Intro
Dkron - Distributed, fault tolerant job scheduling system
Welcome to the Dkron documentation! This is the reference guide on how to use Dkron. If you want a getting started guide refer to the getting started guide.
What is Dkron
Dkron is a distributed system to run scheduled jobs against a server or a group of servers of any size. One of the machines is the leader and the others will be followers. If the leader fails or becomes unreachable, any other one will take over and reschedule all jobs to keep the system healthy.
In case the old leader becomes alive again, it'll become a follower.
Dkron is a distributed cron drop-in replacement, easy to setup and fault tolerant with focus in:
- Easy: Easy to use with a great UI
- Reliable: Completely fault tolerant
- Highly scalable: Able to handle high volumes of scheduled jobs and thousands of nodes
Dkron is written in Go and leverages the power of distributed key value stores and Serf for providing fault tolerance, reliability and scalability while remaining simple and easily installable.

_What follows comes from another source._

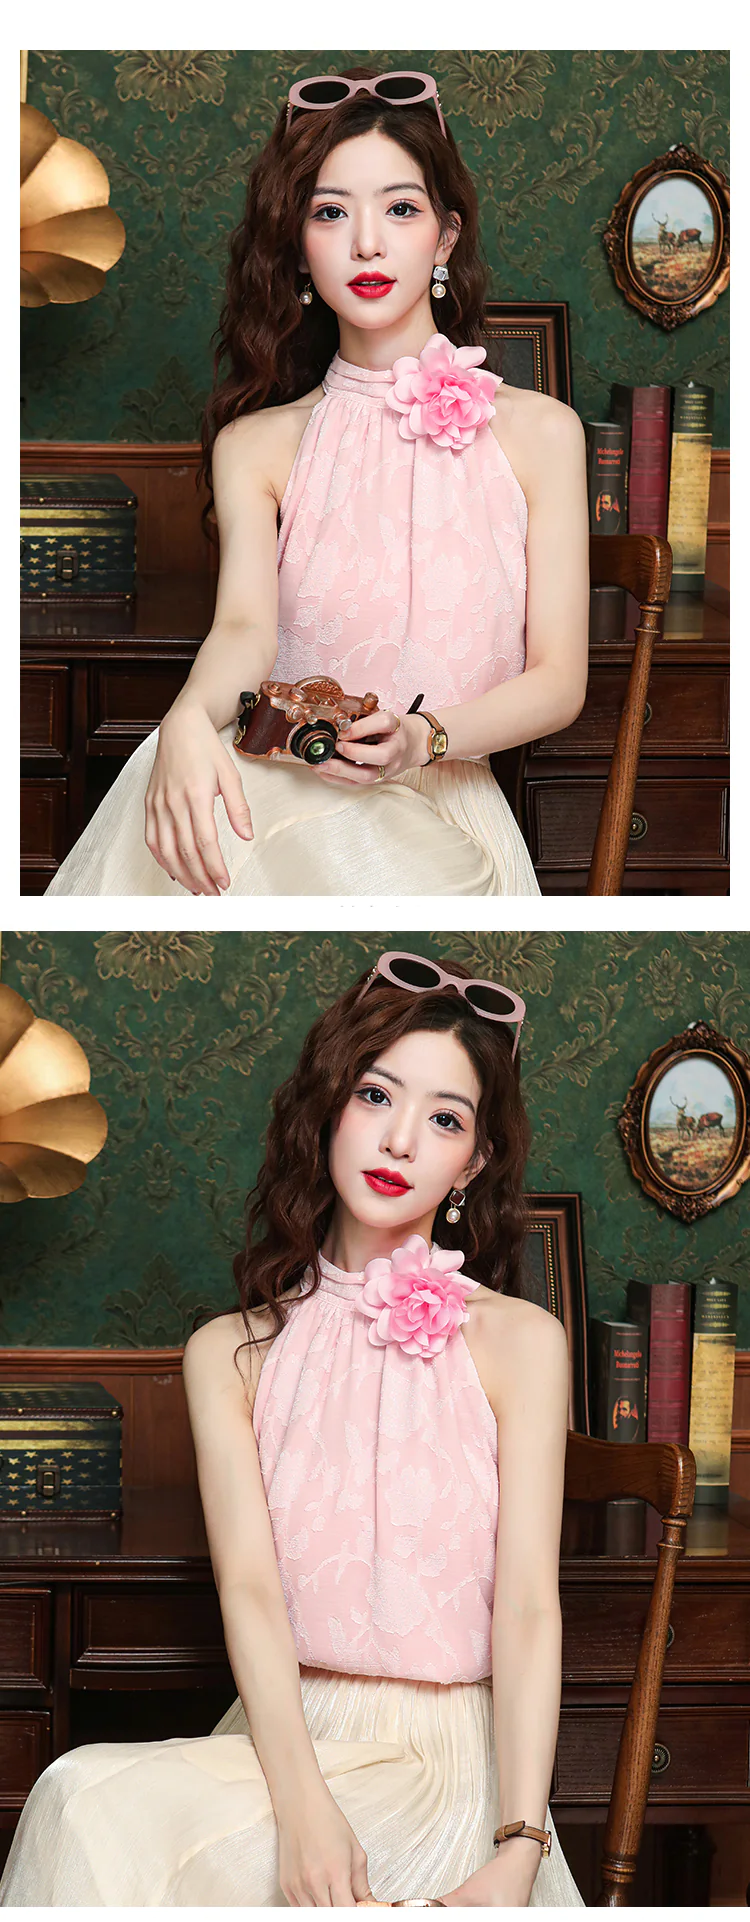 Chic-Chanel-Style-Jacquard-Chiffon-Halter-Casual-Shirt-with-3D-Flower17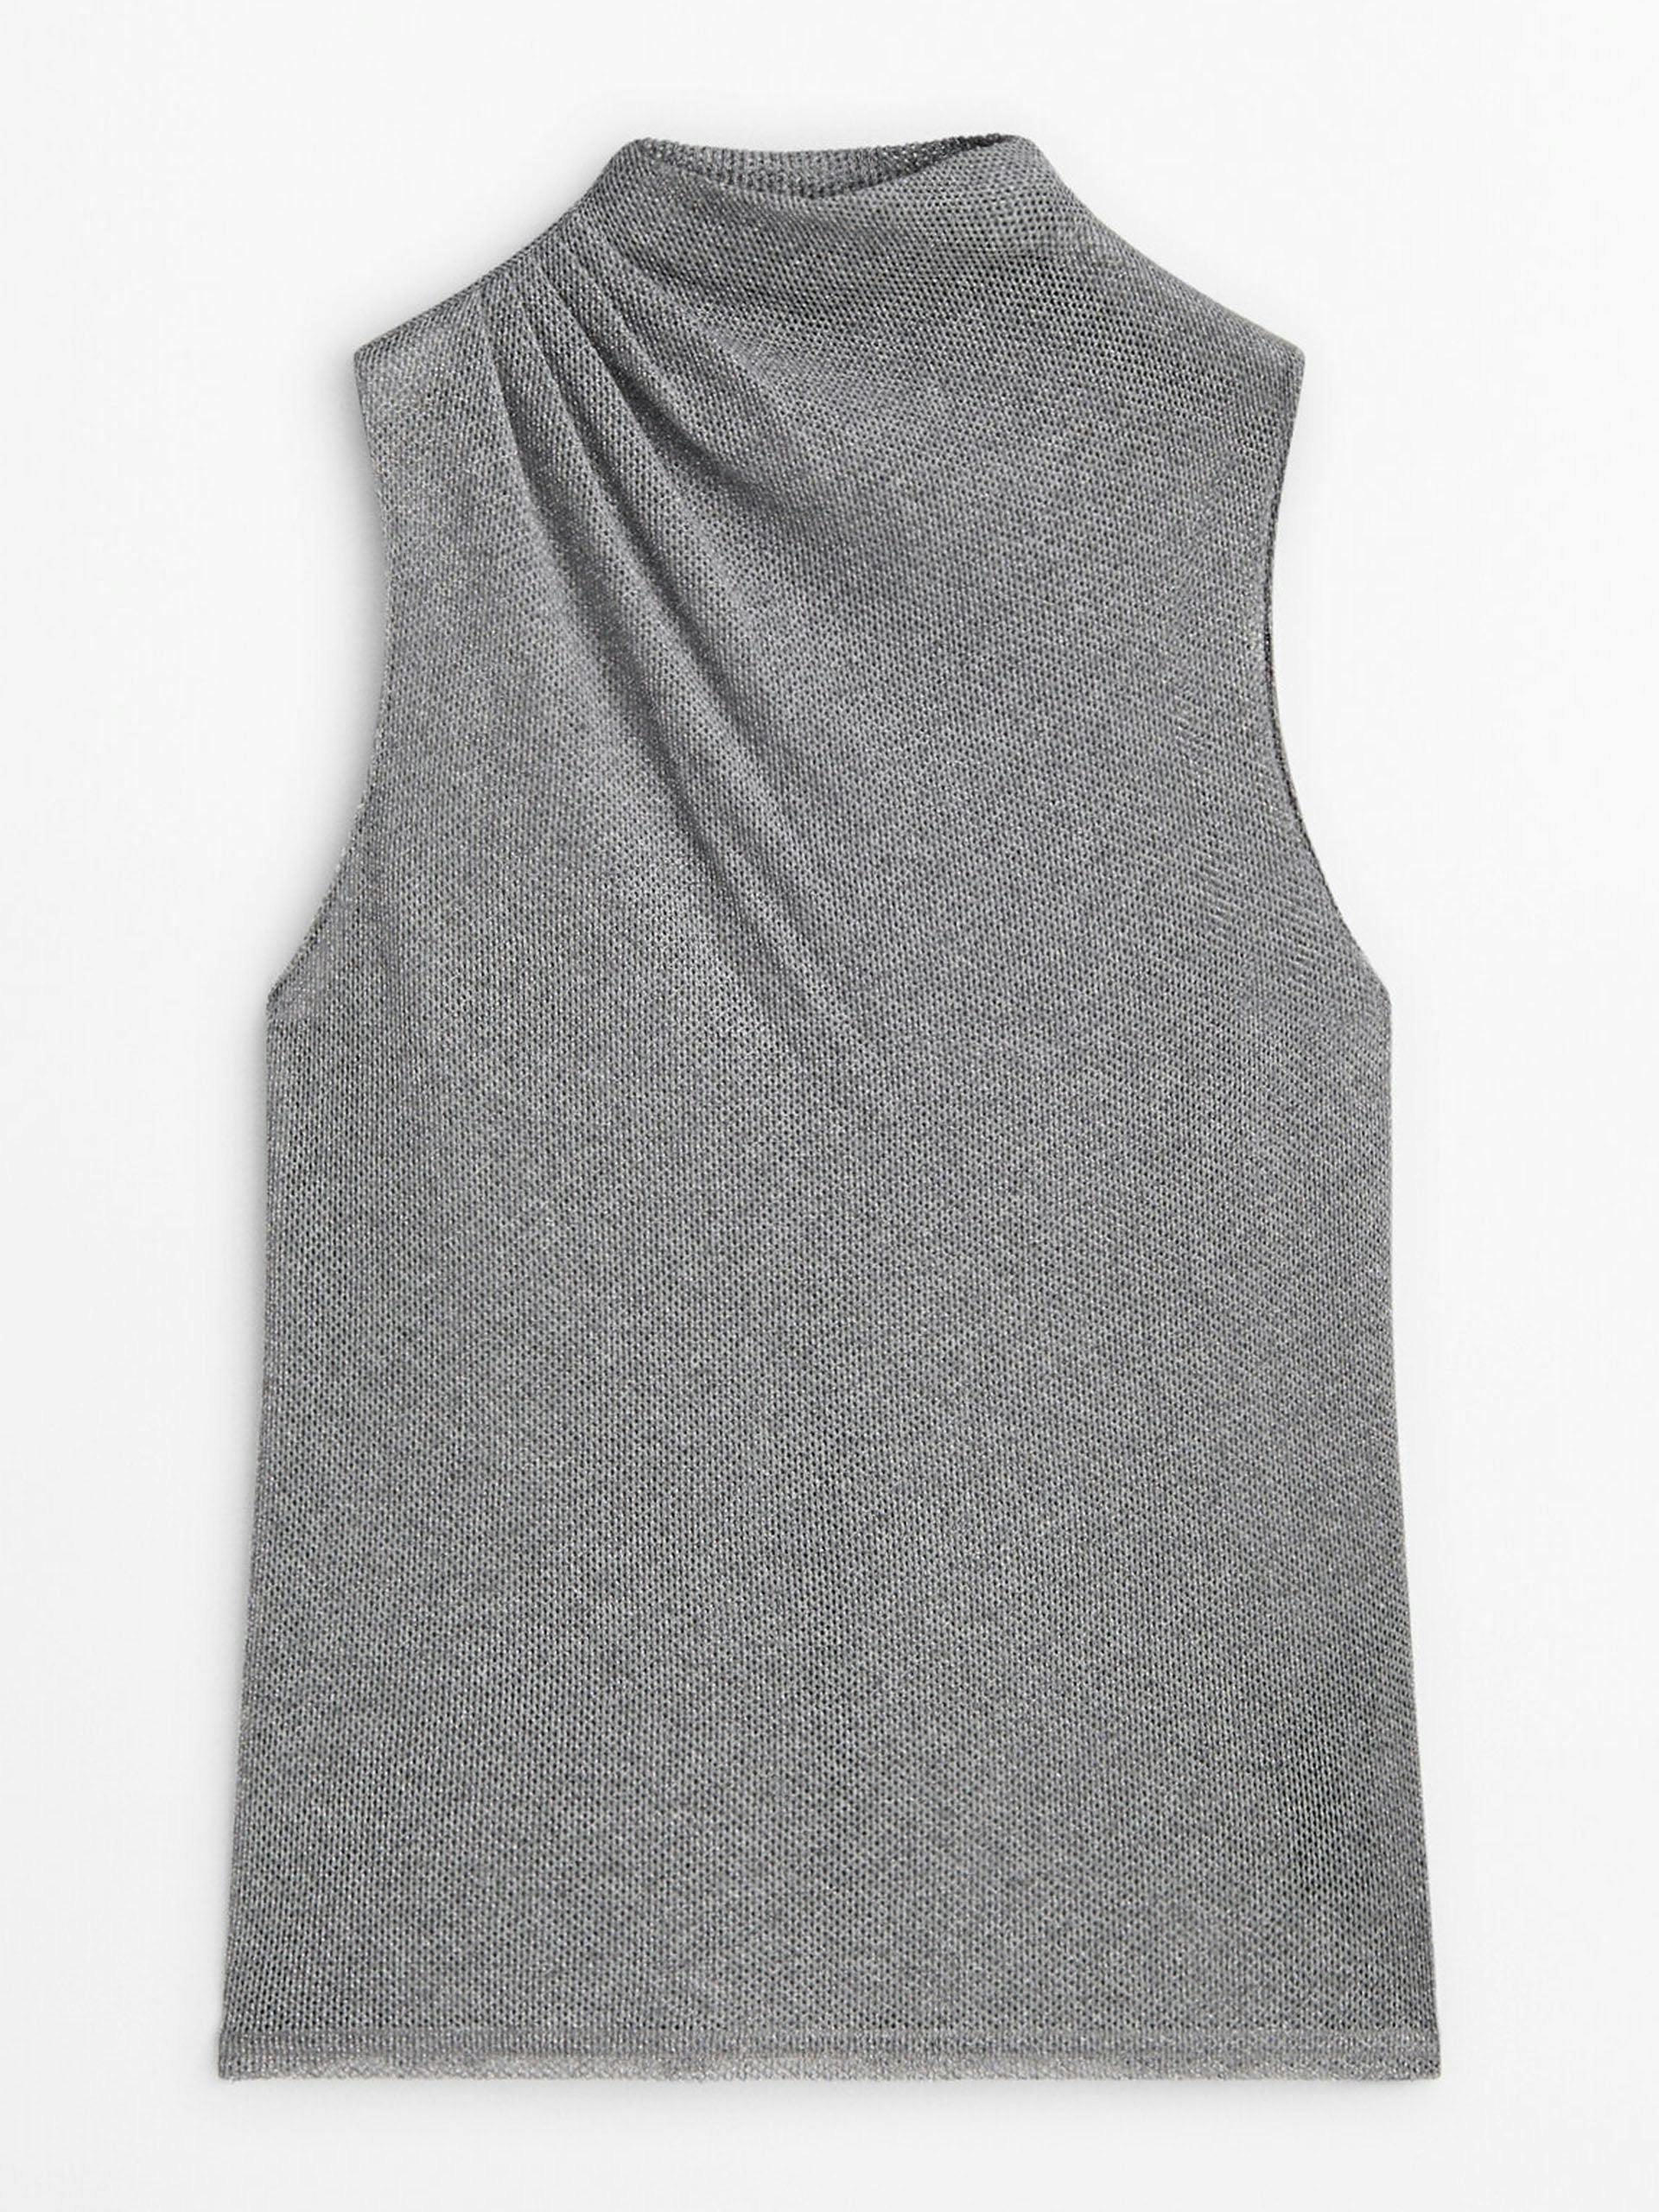 Shimmer top with draped detail

Dkron is inspired by the google whitepaper Reliable Cron across the Planet
Dkron runs on Linux, OSX and Windows. It can be used to run scheduled commands on a server cluster using any combination of servers for each job. It has no single points of failure due to the use of the fault tolerant distributed databases and can work at large scale thanks to the efficient and lightweight gossip protocol.
Dkron uses the efficient and lightweight gossip protocol underneath to communicate with nodes. Failure notification and task handling are run efficiently across an entire cluster of any size.
System Architecture
Dkron utilizes a server-agent architecture where multiple agents can form a cluster for high availability. Here's a high-level overview of how Dkron works:
Key Components
Dkron's architecture consists of several key components:
-
Server Nodes: Nodes running in server mode (with
--server
flag) that participate in leader election and can schedule jobs. -
Leader Node: One server node is elected as leader and is responsible for:
- Scheduling jobs
- Assigning job executions to target nodes
- Maintaining the cluster state
-
Follower Nodes: Server nodes that are not the leader. They:
- Can execute jobs when selected as targets
- Are ready to become the leader if the current leader fails
- Maintain a replicated log of all operations
-
Embedded Data Store: Dkron uses an embedded BoltDB database to store:
- Job definitions
- Execution history
- Cluster state
-
Serf Layer: Handles cluster membership, failure detection, and messaging between nodes using the gossip protocol.
-
HTTP API and Web UI: Provides a RESTful API and web interface for job management.
-
Executors: Plugins that handle the actual execution of job commands (shell, HTTP, etc.).
-
Processors: Plugins that process the output of job executions (log, file, email, etc.).
Dkron Scheduling Flow
Here's how job scheduling works in Dkron:
- Job Definition: Users define jobs with scheduling parameters (cron expression), execution options, and target node tags.
- Leader Scheduling: The leader node tracks job schedules and triggers executions at the appropriate times.
- Target Selection: The leader selects target nodes for job execution based on tags and execution options.
- Execution: Target nodes run the job using the specified executor.
- Processing Output: Job output is processed by configured processors.
- Results Storage: Execution results are stored in the distributed data store.
Key Concepts
Jobs
Jobs are the core entity in Dkron. A job consists of:
- Name: Unique identifier for the job
- Schedule: When to run the job (cron expression)
- Command: What to run
- Executor: How to run the command (shell, HTTP, etc.)
- Processors: How to process the output
- Tags: Key-value pairs for node selection
- Concurrency: Options to control concurrent execution
- Dependent Jobs: Jobs that should run after this job completes
Tags and Node Selection
Dkron uses tags to control which nodes execute specific jobs:
- Node Tags: Assigned to nodes during startup (
--tag key=value
) - Job Tags: Specified in job definitions (
"tags": {"role": "web"}
) - Tag Matching: Jobs run on nodes where all job tags match node tags
Concurrency Options
Dkron provides several options to control job concurrency:
- Concurrency: Allow (or disallow) concurrent executions of the same job
- Executor Concurrency: Limit concurrent executions on a single node
- Global Concurrency: Control concurrent executions across the entire cluster
Status Codes and Retries
Jobs can be configured with:
- Success Status Codes: Define which exit codes indicate success
- Retries: Number of times to retry a failed execution
- Retry Interval: Time to wait between retries
Job Dependencies
Dkron supports job dependencies for complex workflows:
- Parent-Child Relationships: Jobs can depend on other jobs
- Status Checking: Child jobs run only if parent jobs succeed
- Chained Execution: Create multi-step job pipelines
Web UI
The Dkron web UI provides an easy-to-use interface for:
- Creating and editing jobs
- Viewing execution history and logs
- Monitoring cluster status
- Running jobs manually
- Managing job dependencies
Dkron design
Dkron is designed to solve one problem well, executing commands in given intervals. Following the unix philosophy of doing one thing and doing it well (like the battle-tested cron) but with the given addition of being designed for the cloud era, removing single points of failure in environments where scheduled jobs are needed to be run in multiple servers.